In this study, we aimed to explore the role of neutrophil count and LDH level in the prognosis of patients with ESCC treated with radiotherapy. We performed univariate and multivariate analyses to identify the prognostic factors for the ESCC patients. According to the results of the multivariate analysis, we devised a prognostic risk scoring model for estimating the prognosis of ESCC patients treated with radiotherapy.
Patients and Methods
We retrospectively reviewed the patients receiving definitive radiotherapy for EC at the Department of Radiation Oncology, Shantou Central Hospital during the period from January 2009 to December 2015. Only patients pathologically diagnosed as ESCC were included in this study. Patients with non-ESCC tumors were excluded from this study. The remaining patients were excluded if they met the following exclusion criteria: (1) patients with distant metastatic disease; (2) patients who received low-dose palliative radiotherapy (< 50.4 Gy for patients treated with radiotherapy without chemotherapy and < 60 Gy for patients treated with chemoradiotherapy); (3) patients who received preoperative or postoperative adjuvant radiotherapy; (4) patients who had recurrent disease and received radiotherapy for salvage purposes; (5) patients who failed to complete therapy; and (6) patients who had other primary tumor.

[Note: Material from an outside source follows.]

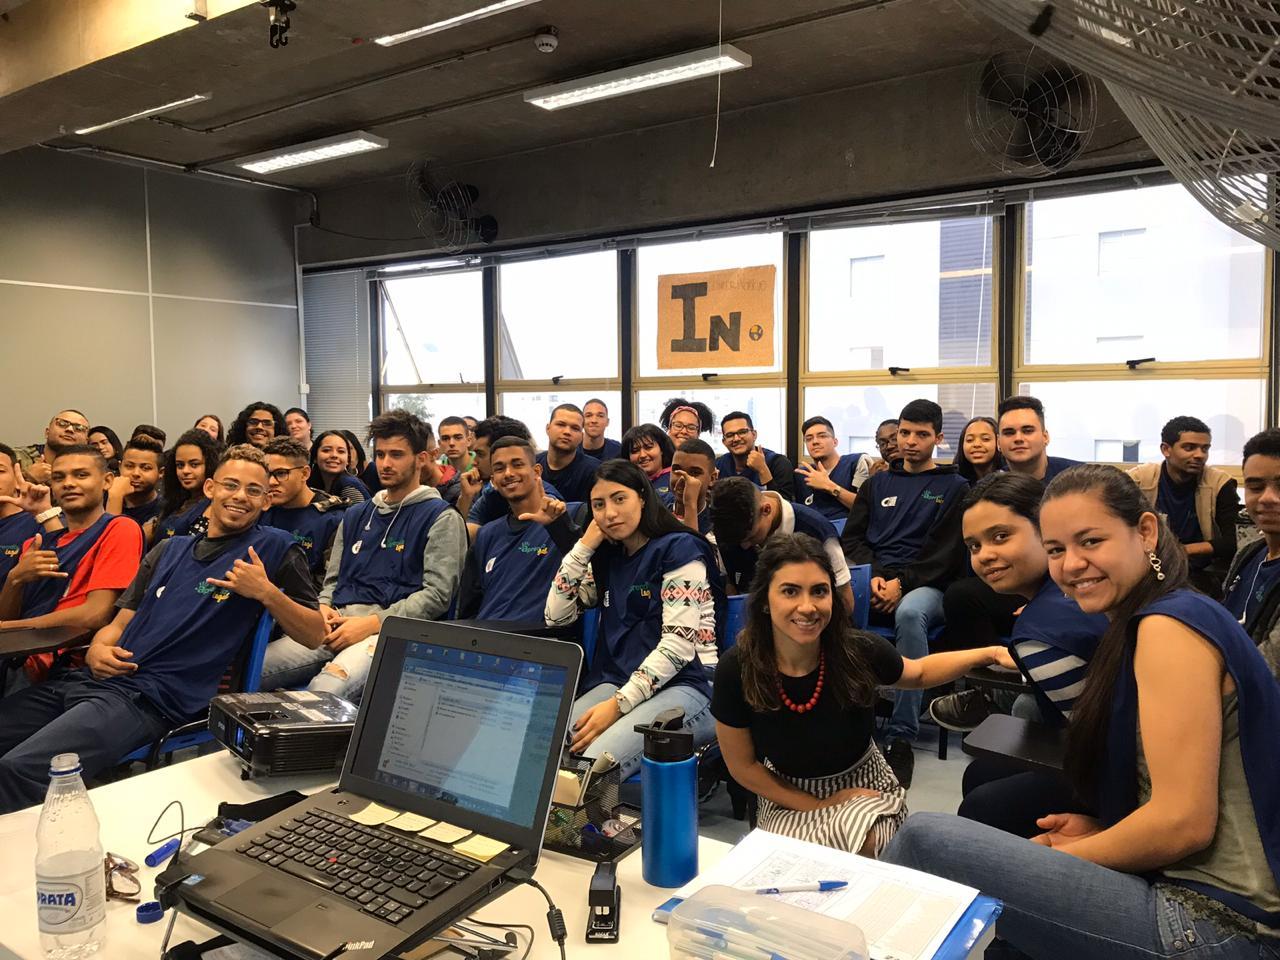 Silvia com turma de alunos do CIEE, onde realizou uma atividade como Embaixadora do Politize!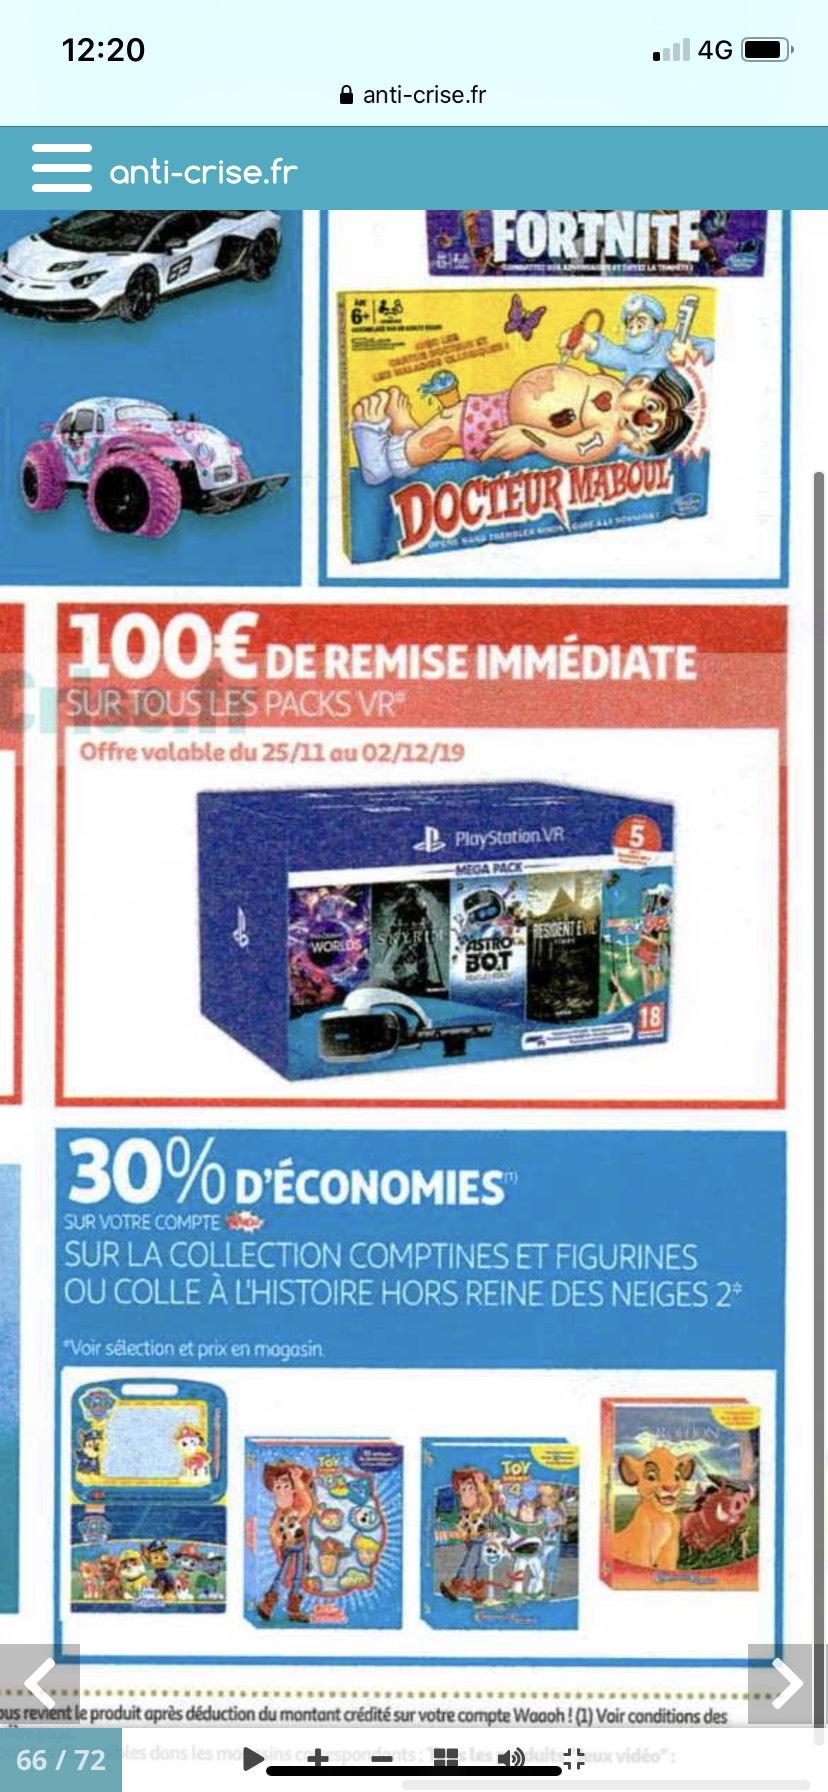 100€ de réduction immédiate sur tous les packs Sony PlayStation VR

This study was approved by the Institutional Committee of the Shantou Central Hospital on Human Rights. Disease of the patients was staged according to the sixth edition of AJCC TNM classification for EC.
Radiotherapy was delivered by three-dimensional conformal radiation therapy or intensity-modulated radiation therapy technique in this study. A Varian IX or Varian 23EX linear accelerator was used to deliver the radiotherapy treatment plan. The treatment planning approach has been reported in our previous study (25). Briefly, the gross tumor volume (GTV) includes the EC (GTVp) and the positive regional lymph nodes (GTVnd). The delineation of GTV was determined by CT, barium esophagogram, endoscopic examination, or PET imaging. The GTVp plus a 0.5–1cm radial margin and a 2.5–3 cm proximal and distal margin and the GTVnd plus a 0.5–0.8 cm margin were defined as CTV. The planning target volume (PTV) encompassed the CTV plus a 0.5–1 cm margin. All patients received simultaneous integrated boost (SIB) radiotherapy, which had been reported in a recent phase 1/2 trial conducted by Chen et al. (26). The prescribed dose was 60–66 Gy to GTV in 28–30 fractions, five fractions per week, and at least 50.4 Gy to CTV in 28 fractions, five fractions per week. Two cycles of platinum-based chemotherapy combined with 5-fluorouracil or a taxane (docetaxel or paclitaxel) were administered on the patients concurrently with radiotherapy.
Data of Hematological Index Collection
The pretreatment data of neutrophil count, lymphocyte count, and LDH level were collected from the test reports. The cutoff value for the LDH level was the upper limit of normal (ULN) values set (220 U/L) of the biochemical detector used in our hospital. The neutrophil count divided by the lymphocyte count was defined as the neutrophil-to-lymphocyte ratio (NLR).
All patients were assessed weekly during radiotherapy to monitor the treatment toxicities. Physical examination, blood routine, and biochemical test were done at a weekly visit. The first follow-up was 1 month after finishing radiotherapy, then continuing every 3 months for 2 years and every 6–12 months until disease progression or death. The last follow-up date was May 31, 2019. Physical examination, blood routine and biochemical test, barium esophagogram, and contrast-enhanced CT scan of the neck, chest, and abdomen were done at each follow-up visit. Information on patients' clinicopathological characteristics was retrospectively collected from their medical records.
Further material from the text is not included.